Too Much (Adult) Information - Since parents viewed their kids as friends, they started talking to them like they talked to their friends, including adult topics to big for kids to handle.  Prior generations worried about having the money to send their kids to college, but they didn't tell their kids about that worry.  People started placing such value on authenticity that they stopped recognizing that kids' brains aren't able to handle adult problems.  They can't help you with your marital problems, so they don't need to know about them.  The phrase "age appropriate" used to be a thing, and we need to restore that concept because treating them like short adults is only serving to increase their anxiety.  

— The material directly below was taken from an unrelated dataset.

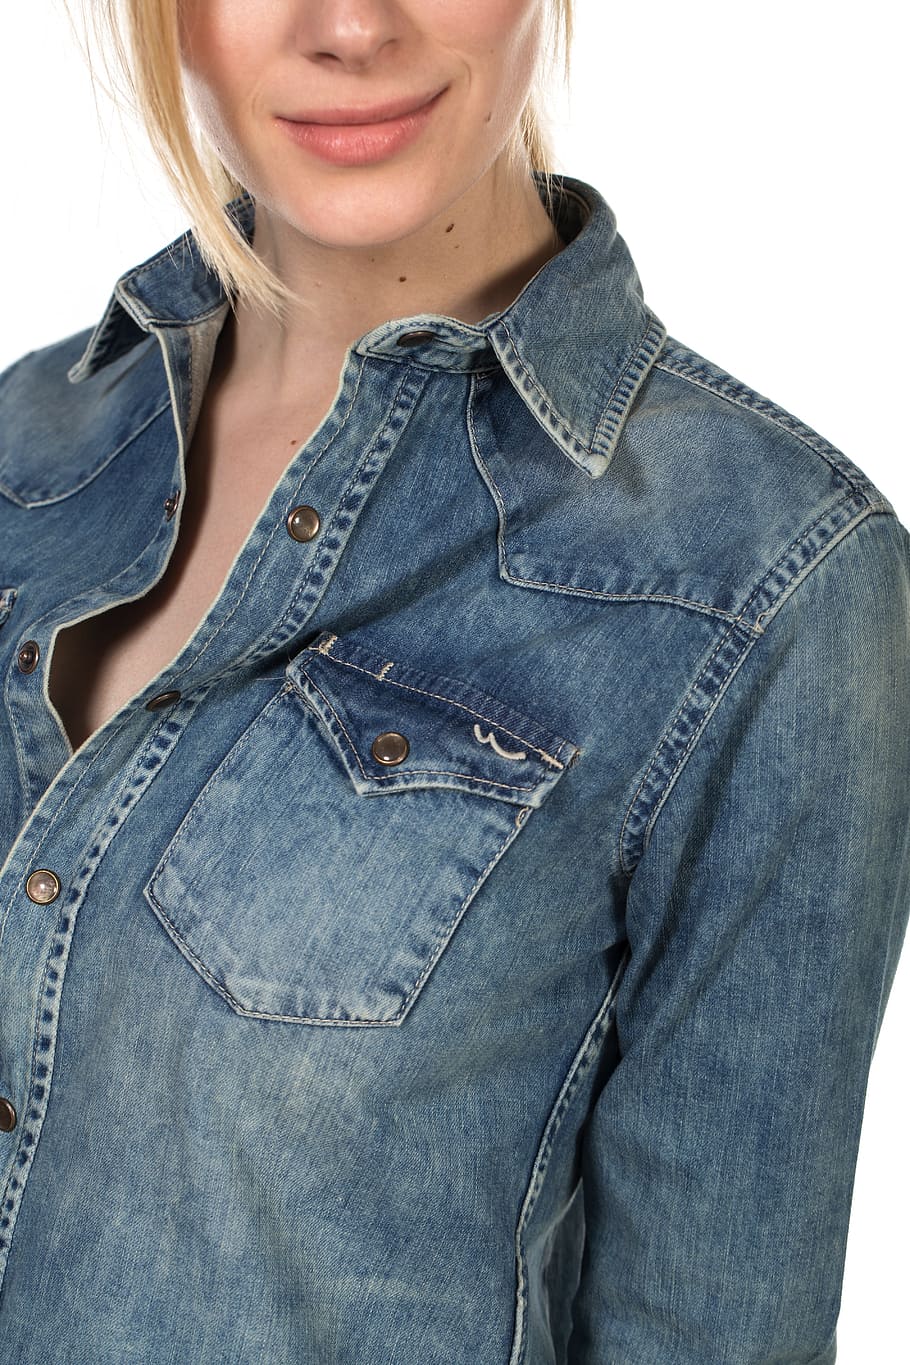 mujer, vistiendo, azul, chaqueta abotonada de mezclilla, Modelo, Moda, Ropa, Estilo, Género, exposición

Overpacking Their Schedules - I hear adults complain frequently about the amount of chauffering they have to do, taking their kids to music lessons, dance lessons, and practice for their year-round soccer team.  They get their kids home in the evening and then complain that the school has assigned homework because now their kids don't have time to ride their bikes and play.  Some of these same parents want to have their students dual enrolled in high school and college simultaneously.  The common phrase is "there's not enough time to . . . "  Yet, we have the same 24-hour days and 7-day weeks that people had back when they had to do everything by hand.  We have made choices for ourselves and our kids about how to spend time.  Extracurricular activities are good.  Pursuing passions is good.  But, time is like money; there is only so much of it, and it must be spent thoughtfully.  If you have spent time on one thing, that time is no longer available for something else.  Ask yourself why they are involved in so many things.  Is it because you think they HAVE to be involved in everything to get into college.  Let me tell you some stories of very happy kids who got into college without packing their schedule full of everything under the sun.  Recognize that there is no prize for finishing college early, and let them be in high school while they are in high school.  If all of this scheduling is about pursuing their passion, chances are they care a lot about one of the things, not all of them.  Prioritize that one.  Your child will graduate with better mental health and head into adulthood just as well as those who are frazzled.

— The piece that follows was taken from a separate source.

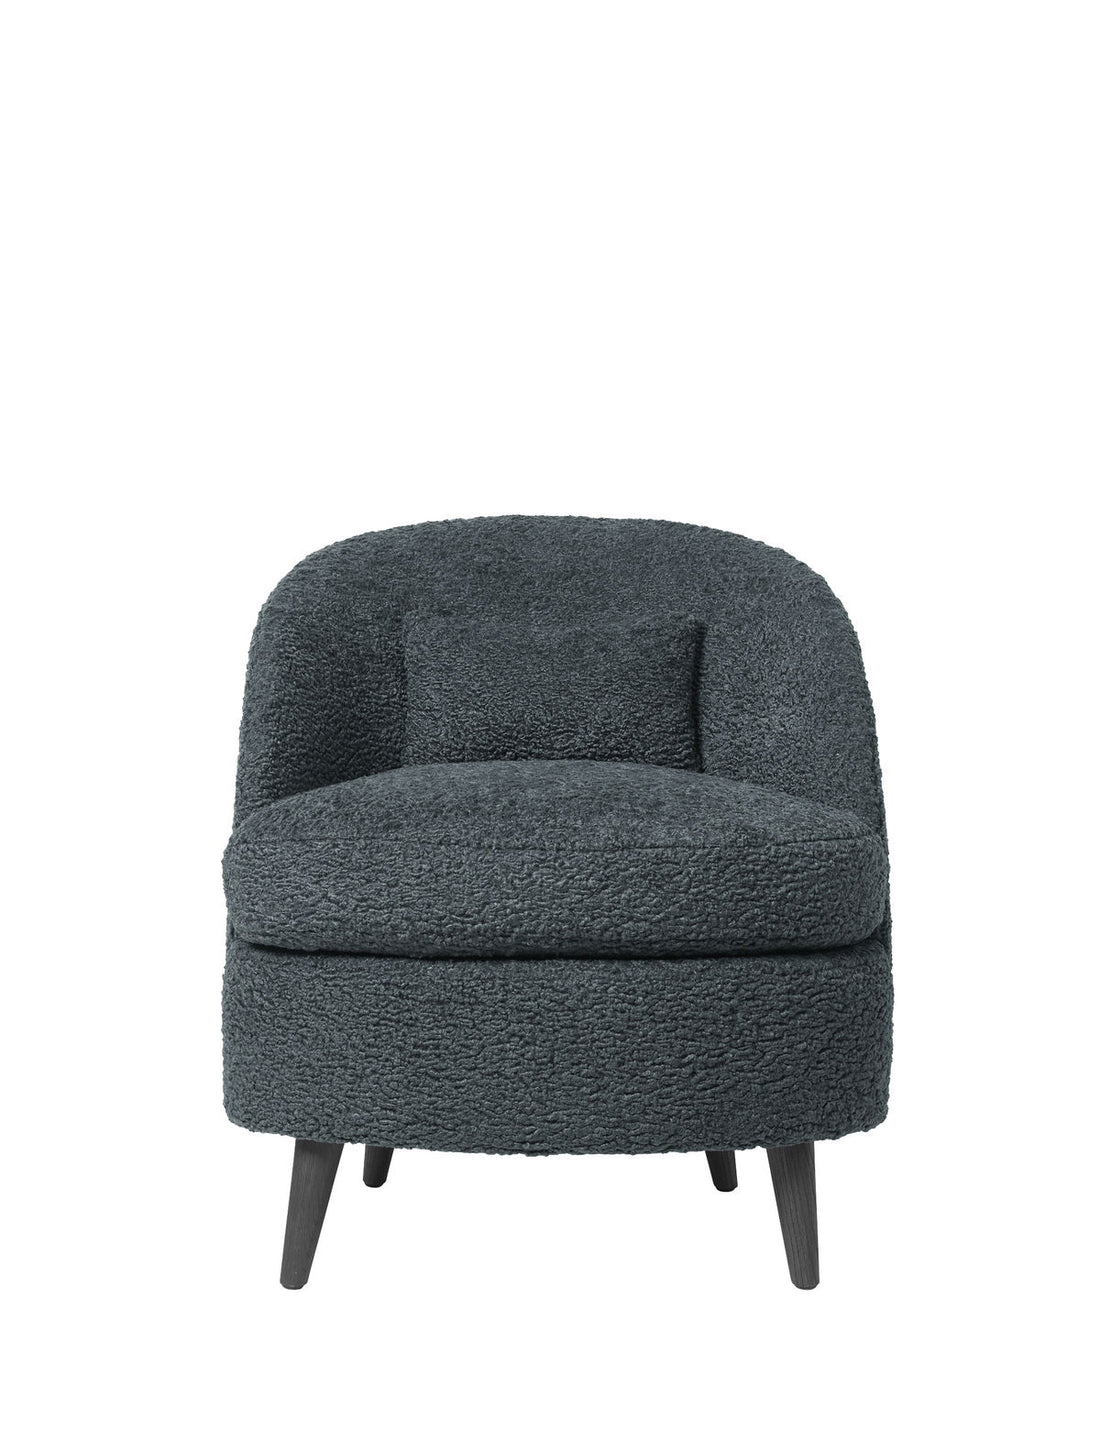 Gemütlicher Living Andrea Lounge Chair - Holzkohle (FR)

Pressure - Watch the news.  The world is not in good shape.  From environmental issues to acts of mass violence to political division, things are very much not as they should be.  Kids know this more than we did at their age because they have access to so much information.  They also know this is the world they will inherit, and they see that adults are more concerned with their own rights than they are about fixing anything.  Kids feel that they are going to be required to "save the world" and know they don't have that capacity.  Teachers, we must be careful not to communicate to them that it is their job to fix it.  That's not fair, and it's not good for their developing brains.

Limit Phone Use - The phones and screens are, in fact, a problem.  Prior to Covid, a lot of parent and teacher discussion was about limiting screen time.  That went completely out the window during lockdown (and understandably so).  It's time to revive that discussion.  Kids cannot buy themselves a phone, and you have the ability to resist giving them one.  I know it is hard to think they won't have what other kids have, but the evidence of every study shows that delaying their access to phones and social media is best. Perhaps a group of parents can get together and make a pact to delay purchasing phones for them until 9th grade.  Then, you wouldn't have to worry about your child being "the only one."  At the very least, get it out of their bedrooms.  Back when computers were larger, we put them in public areas of the house and installed filters for accountability.  The same should apply to the small computer in their pocket.  Boundaries are healthy.  

None of this is easy.  I'm not going to pretend otherwise.  But it is necessary.  We cannot keep raising kids steeped in anxiety.  We just can't.